▸ **Work to be completed**: Set down the full listing that follows, word for word.

▸ **Given entries**:
○ ○ ○
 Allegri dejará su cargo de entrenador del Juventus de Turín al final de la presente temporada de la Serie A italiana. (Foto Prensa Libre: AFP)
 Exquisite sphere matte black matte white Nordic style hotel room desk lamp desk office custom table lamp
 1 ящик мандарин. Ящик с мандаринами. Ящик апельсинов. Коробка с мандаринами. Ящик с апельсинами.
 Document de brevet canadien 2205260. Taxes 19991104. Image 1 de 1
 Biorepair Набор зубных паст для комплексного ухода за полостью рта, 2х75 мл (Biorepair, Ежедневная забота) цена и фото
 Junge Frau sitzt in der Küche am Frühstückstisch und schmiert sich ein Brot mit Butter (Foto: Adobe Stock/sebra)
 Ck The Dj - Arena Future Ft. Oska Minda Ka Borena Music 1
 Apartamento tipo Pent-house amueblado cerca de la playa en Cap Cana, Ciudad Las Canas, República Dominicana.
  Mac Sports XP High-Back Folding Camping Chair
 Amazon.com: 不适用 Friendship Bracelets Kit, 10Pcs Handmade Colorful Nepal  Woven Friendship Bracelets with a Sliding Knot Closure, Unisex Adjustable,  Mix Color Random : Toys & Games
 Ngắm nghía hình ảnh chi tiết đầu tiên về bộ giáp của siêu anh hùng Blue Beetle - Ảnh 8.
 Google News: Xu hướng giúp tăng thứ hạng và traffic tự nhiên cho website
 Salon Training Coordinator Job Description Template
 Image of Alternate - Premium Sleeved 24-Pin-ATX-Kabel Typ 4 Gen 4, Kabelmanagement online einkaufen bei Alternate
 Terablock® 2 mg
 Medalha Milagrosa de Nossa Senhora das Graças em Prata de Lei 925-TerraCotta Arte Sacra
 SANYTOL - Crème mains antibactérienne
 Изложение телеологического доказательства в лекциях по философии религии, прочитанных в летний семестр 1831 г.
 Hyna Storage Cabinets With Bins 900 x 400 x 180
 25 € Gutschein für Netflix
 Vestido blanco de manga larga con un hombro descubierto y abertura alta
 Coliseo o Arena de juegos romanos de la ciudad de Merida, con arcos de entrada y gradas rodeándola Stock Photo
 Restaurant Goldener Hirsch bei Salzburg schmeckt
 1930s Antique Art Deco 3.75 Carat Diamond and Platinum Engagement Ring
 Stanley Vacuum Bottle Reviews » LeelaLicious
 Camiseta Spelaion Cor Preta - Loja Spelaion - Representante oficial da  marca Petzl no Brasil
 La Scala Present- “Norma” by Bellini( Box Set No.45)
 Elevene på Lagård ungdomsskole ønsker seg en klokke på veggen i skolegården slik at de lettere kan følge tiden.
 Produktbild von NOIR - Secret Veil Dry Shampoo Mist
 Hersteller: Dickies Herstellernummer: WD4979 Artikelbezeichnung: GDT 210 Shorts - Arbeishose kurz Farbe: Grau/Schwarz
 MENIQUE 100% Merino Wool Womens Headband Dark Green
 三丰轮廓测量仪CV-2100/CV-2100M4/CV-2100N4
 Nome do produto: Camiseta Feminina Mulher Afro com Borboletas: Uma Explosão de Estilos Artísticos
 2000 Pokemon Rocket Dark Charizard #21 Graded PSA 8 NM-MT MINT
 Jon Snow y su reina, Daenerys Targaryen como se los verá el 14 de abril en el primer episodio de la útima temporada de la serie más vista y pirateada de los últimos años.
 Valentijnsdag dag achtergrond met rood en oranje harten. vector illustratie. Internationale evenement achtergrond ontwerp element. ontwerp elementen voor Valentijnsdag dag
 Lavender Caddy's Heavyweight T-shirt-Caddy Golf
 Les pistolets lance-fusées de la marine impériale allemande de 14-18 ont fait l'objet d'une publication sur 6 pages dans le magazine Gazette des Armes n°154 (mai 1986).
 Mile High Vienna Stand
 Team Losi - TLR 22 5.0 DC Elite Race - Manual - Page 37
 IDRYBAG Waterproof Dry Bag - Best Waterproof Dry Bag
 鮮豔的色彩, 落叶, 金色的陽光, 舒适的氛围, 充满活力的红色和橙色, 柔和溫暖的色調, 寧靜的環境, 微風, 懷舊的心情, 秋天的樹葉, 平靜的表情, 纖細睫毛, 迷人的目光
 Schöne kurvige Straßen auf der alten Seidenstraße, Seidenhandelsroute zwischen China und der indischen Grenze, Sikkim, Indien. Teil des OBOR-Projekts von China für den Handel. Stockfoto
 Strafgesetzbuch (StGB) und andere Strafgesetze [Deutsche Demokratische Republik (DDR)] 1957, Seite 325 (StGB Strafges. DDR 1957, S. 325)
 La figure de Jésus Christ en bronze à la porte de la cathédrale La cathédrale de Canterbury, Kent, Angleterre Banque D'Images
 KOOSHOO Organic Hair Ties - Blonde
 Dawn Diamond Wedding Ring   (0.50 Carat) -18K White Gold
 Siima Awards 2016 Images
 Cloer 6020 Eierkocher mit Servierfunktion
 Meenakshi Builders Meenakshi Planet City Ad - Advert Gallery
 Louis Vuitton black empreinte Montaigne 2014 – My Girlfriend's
○ ○ ○
▸ **Your response**:
 Allegri dejará su cargo de entrenador del Juventus de Turín al final de la presente temporada de la Serie A italiana. (Foto Prensa Libre: AFP)
 Exquisite sphere matte black matte white Nordic style hotel room desk lamp desk office custom table lamp
 1 ящик мандарин. Ящик с мандаринами. Ящик апельсинов. Коробка с мандаринами. Ящик с апельсинами.
 Document de brevet canadien 2205260. Taxes 19991104. Image 1 de 1
 Biorepair Набор зубных паст для комплексного ухода за полостью рта, 2х75 мл (Biorepair, Ежедневная забота) цена и фото
 Junge Frau sitzt in der Küche am Frühstückstisch und schmiert sich ein Brot mit Butter (Foto: Adobe Stock/sebra)
 Ck The Dj - Arena Future Ft. Oska Minda Ka Borena Music 1
 Apartamento tipo Pent-house amueblado cerca de la playa en Cap Cana, Ciudad Las Canas, República Dominicana.
  Mac Sports XP High-Back Folding Camping Chair
 Amazon.com: 不适用 Friendship Bracelets Kit, 10Pcs Handmade Colorful Nepal  Woven Friendship Bracelets with a Sliding Knot Closure, Unisex Adjustable,  Mix Color Random : Toys & Games
 Ngắm nghía hình ảnh chi tiết đầu tiên về bộ giáp của siêu anh hùng Blue Beetle - Ảnh 8.
 Google News: Xu hướng giúp tăng thứ hạng và traffic tự nhiên cho website
 Salon Training Coordinator Job Description Template
 Image of Alternate - Premium Sleeved 24-Pin-ATX-Kabel Typ 4 Gen 4, Kabelmanagement online einkaufen bei Alternate
 Terablock® 2 mg
 Medalha Milagrosa de Nossa Senhora das Graças em Prata de Lei 925-TerraCotta Arte Sacra
 SANYTOL - Crème mains antibactérienne
 Изложение телеологического доказательства в лекциях по философии религии, прочитанных в летний семестр 1831 г.
 Hyna Storage Cabinets With Bins 900 x 400 x 180
 25 € Gutschein für Netflix
 Vestido blanco de manga larga con un hombro descubierto y abertura alta
 Coliseo o Arena de juegos romanos de la ciudad de Merida, con arcos de entrada y gradas rodeándola Stock Photo
 Restaurant Goldener Hirsch bei Salzburg schmeckt
 1930s Antique Art Deco 3.75 Carat Diamond and Platinum Engagement Ring
 Stanley Vacuum Bottle Reviews » LeelaLicious
 Camiseta Spelaion Cor Preta - Loja Spelaion - Representante oficial da  marca Petzl no Brasil
 La Scala Present- “Norma” by Bellini( Box Set No.45)
 Elevene på Lagård ungdomsskole ønsker seg en klokke på veggen i skolegården slik at de lettere kan følge tiden.
 Produktbild von NOIR - Secret Veil Dry Shampoo Mist
 Hersteller: Dickies Herstellernummer: WD4979 Artikelbezeichnung: GDT 210 Shorts - Arbeishose kurz Farbe: Grau/Schwarz
 MENIQUE 100% Merino Wool Womens Headband Dark Green
 三丰轮廓测量仪CV-2100/CV-2100M4/CV-2100N4
 Nome do produto: Camiseta Feminina Mulher Afro com Borboletas: Uma Explosão de Estilos Artísticos
 2000 Pokemon Rocket Dark Charizard #21 Graded PSA 8 NM-MT MINT
 Jon Snow y su reina, Daenerys Targaryen como se los verá el 14 de abril en el primer episodio de la útima temporada de la serie más vista y pirateada de los últimos años.
 Valentijnsdag dag achtergrond met rood en oranje harten. vector illustratie. Internationale evenement achtergrond ontwerp element. ontwerp elementen voor Valentijnsdag dag
 Lavender Caddy's Heavyweight T-shirt-Caddy Golf
 Les pistolets lance-fusées de la marine impériale allemande de 14-18 ont fait l'objet d'une publication sur 6 pages dans le magazine Gazette des Armes n°154 (mai 1986).
 Mile High Vienna Stand
 Team Losi - TLR 22 5.0 DC Elite Race - Manual - Page 37
 IDRYBAG Waterproof Dry Bag - Best Waterproof Dry Bag
 鮮豔的色彩, 落叶, 金色的陽光, 舒适的氛围, 充满活力的红色和橙色, 柔和溫暖的色調, 寧靜的環境, 微風, 懷舊的心情, 秋天的樹葉, 平靜的表情, 纖細睫毛, 迷人的目光
 Schöne kurvige Straßen auf der alten Seidenstraße, Seidenhandelsroute zwischen China und der indischen Grenze, Sikkim, Indien. Teil des OBOR-Projekts von China für den Handel. Stockfoto
 Strafgesetzbuch (StGB) und andere Strafgesetze [Deutsche Demokratische Republik (DDR)] 1957, Seite 325 (StGB Strafges. DDR 1957, S. 325)
 La figure de Jésus Christ en bronze à la porte de la cathédrale La cathédrale de Canterbury, Kent, Angleterre Banque D'Images
 KOOSHOO Organic Hair Ties - Blonde
 Dawn Diamond Wedding Ring   (0.50 Carat) -18K White Gold
 Siima Awards 2016 Images
 Cloer 6020 Eierkocher mit Servierfunktion
 Meenakshi Builders Meenakshi Planet City Ad - Advert Gallery
 Louis Vuitton black empreinte Montaigne 2014 – My Girlfriend's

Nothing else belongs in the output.